A husk of a novel; busy, but without cumulative power.

In the wake of the Civil War, blacks and whites struggle to make sense of their changed lives; out West, Indians struggle against the Washitu (whites).

McCaig’s latest, covering the years 1865 to 1876, is a partial continuation of Jacob’s Ladder (1998). Here again are the Gatewoods of Virginia on their Stratford plantation, their patriarch Samuel much chastened. His heir Duncan, a Confederate major and one-armed victim, goes to work for his old boss General Mahone, now building railroads, for which he needs crossties from Samuel’s sawmill.
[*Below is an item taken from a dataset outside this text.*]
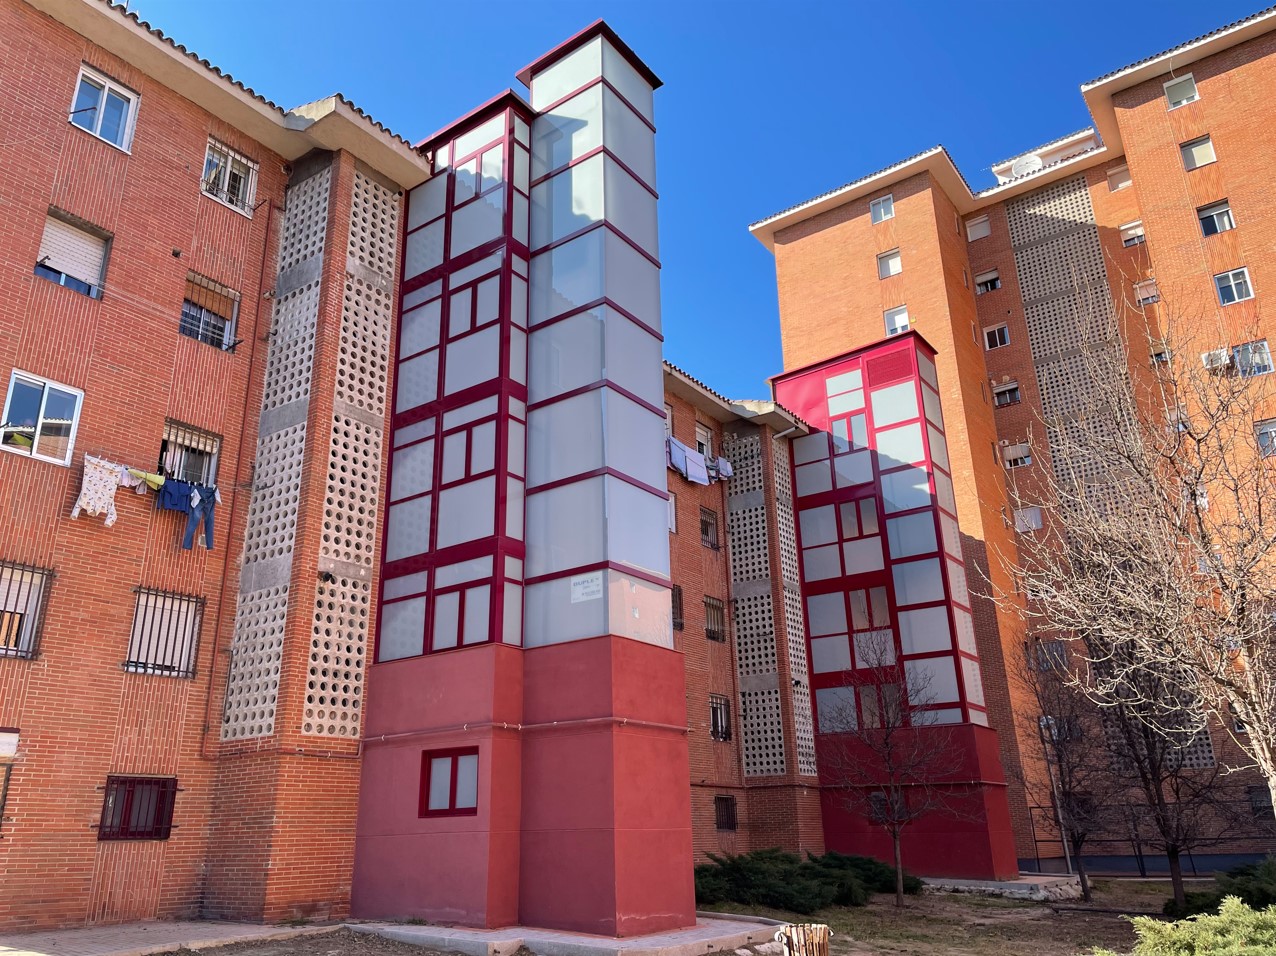 Instalación de dos ascensores en la fachada de un edificio residencial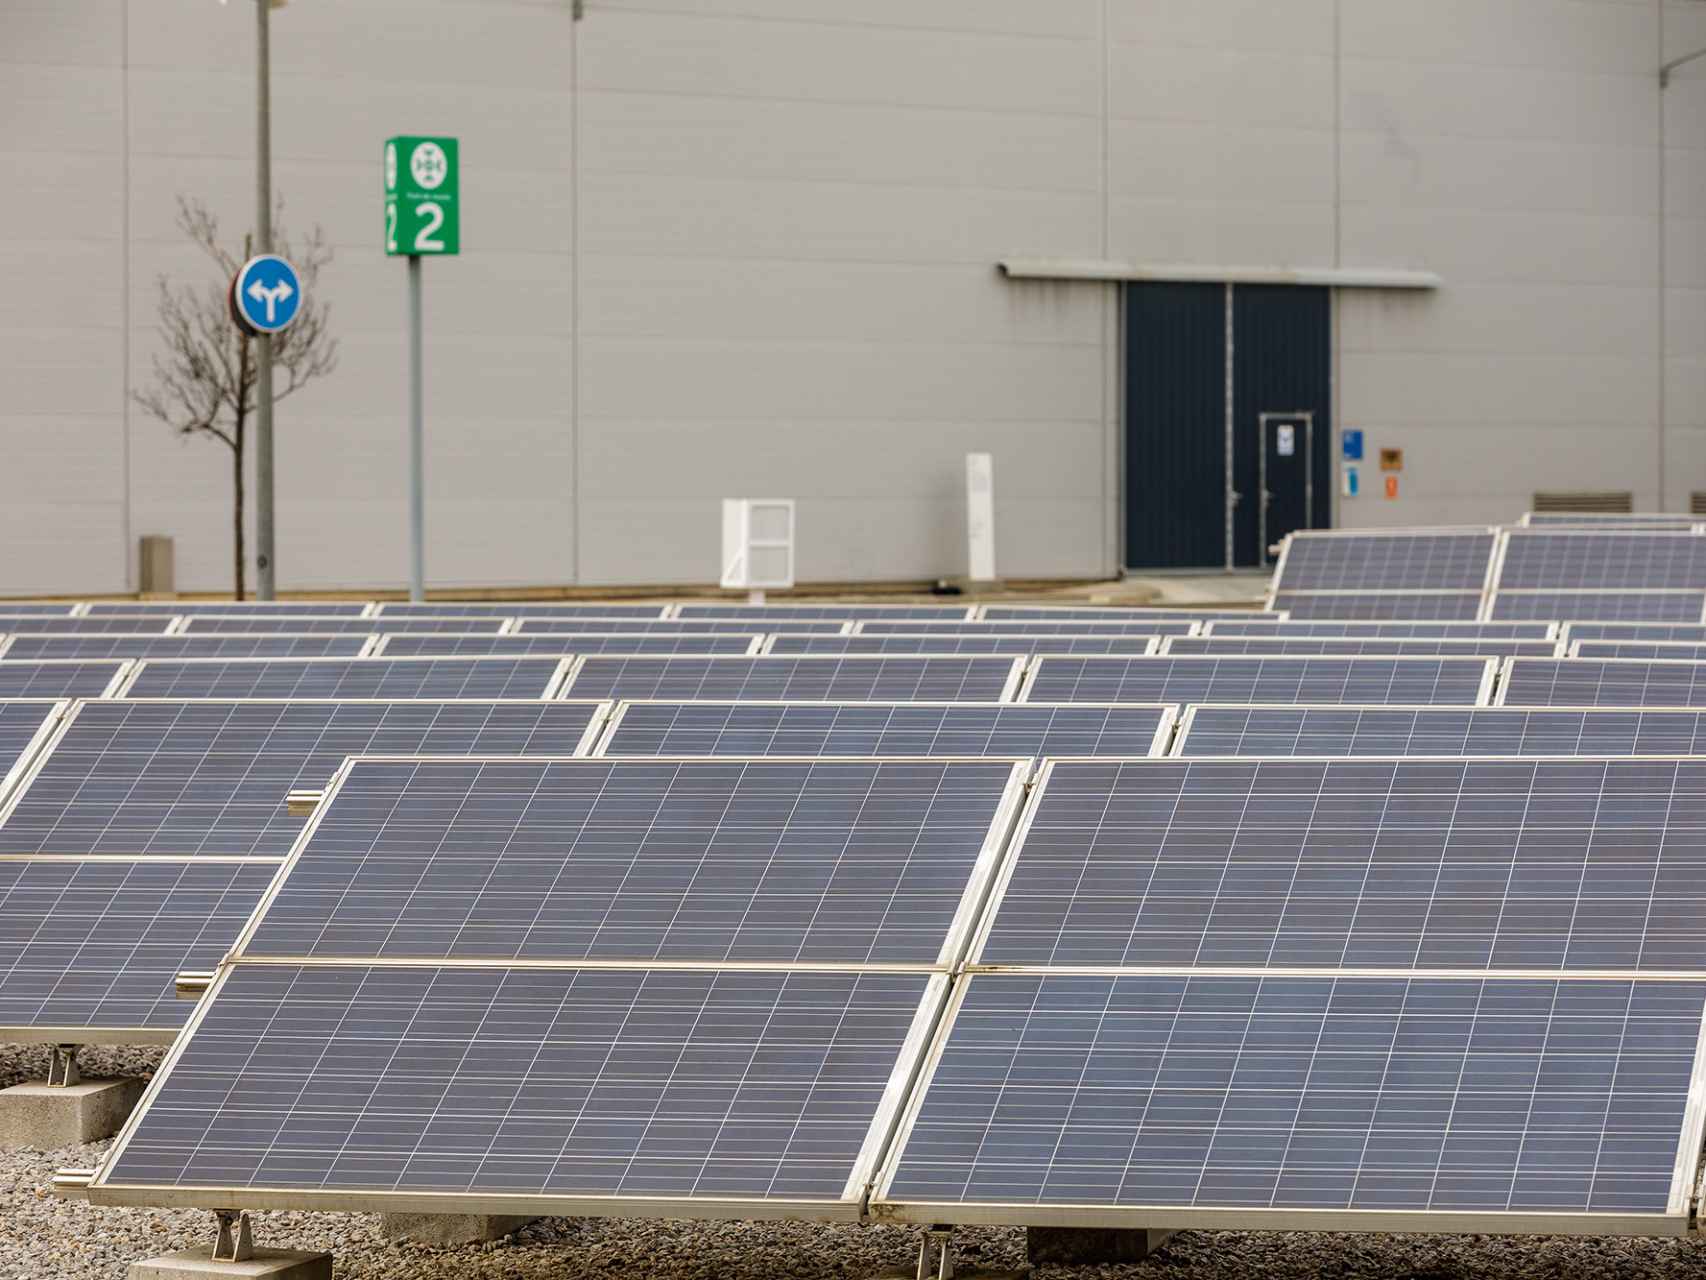 Aigües de Barcelona produce energía renovable fotovoltaica en sus instalaciones / AIGÜES DE BARCELONA

Mahone’s money man Eben Barnwell, a go-getting upstart Yankee, has his sights fixed on Samuel’s granddaughter Pauline. Former slave Jesse, abandoning hope of finding his wife Maggie (sold off by Samuel), is elected Assemblyman in the Virginia legislature, whose re-configuration is an important storyline. There’s a lot going on here, and that’s just in the East. With a frequency that induces whiplash, McCaig switches to the fortunes of the Lakota, particularly a young woman called She Goes Before, who reports unemotionally her father’s hanging in Minnesota and her subsequent rape as she treks to Montana, where she will marry Ratcliff, another ex-slave and army buddy of Jesse; he is in Montana after a cattle drive from Texas. Back East Barnwell, now a millionaire, marries Pauline and saves Stratford, only to lose everything in ’74, when he absconds. Westward expansion brings Custer to Montana, where Ratliff, returning to his one true home, the army, becomes his interpreter. The climax is Custer’s defeat at Little Bighorn, mined in much more depth in Thomas Berger’s Little Big Man (not reviewed). McCaig spreads himself way too thin in his historical coverage; his superficially drawn characters suffer as a result. The exception is the complex Ratcliff, who would have made a splendid lead. A brave but self-hating loner, he goes to his death chanting “Hincty Nigger,” the insult he wears as a badge of honor.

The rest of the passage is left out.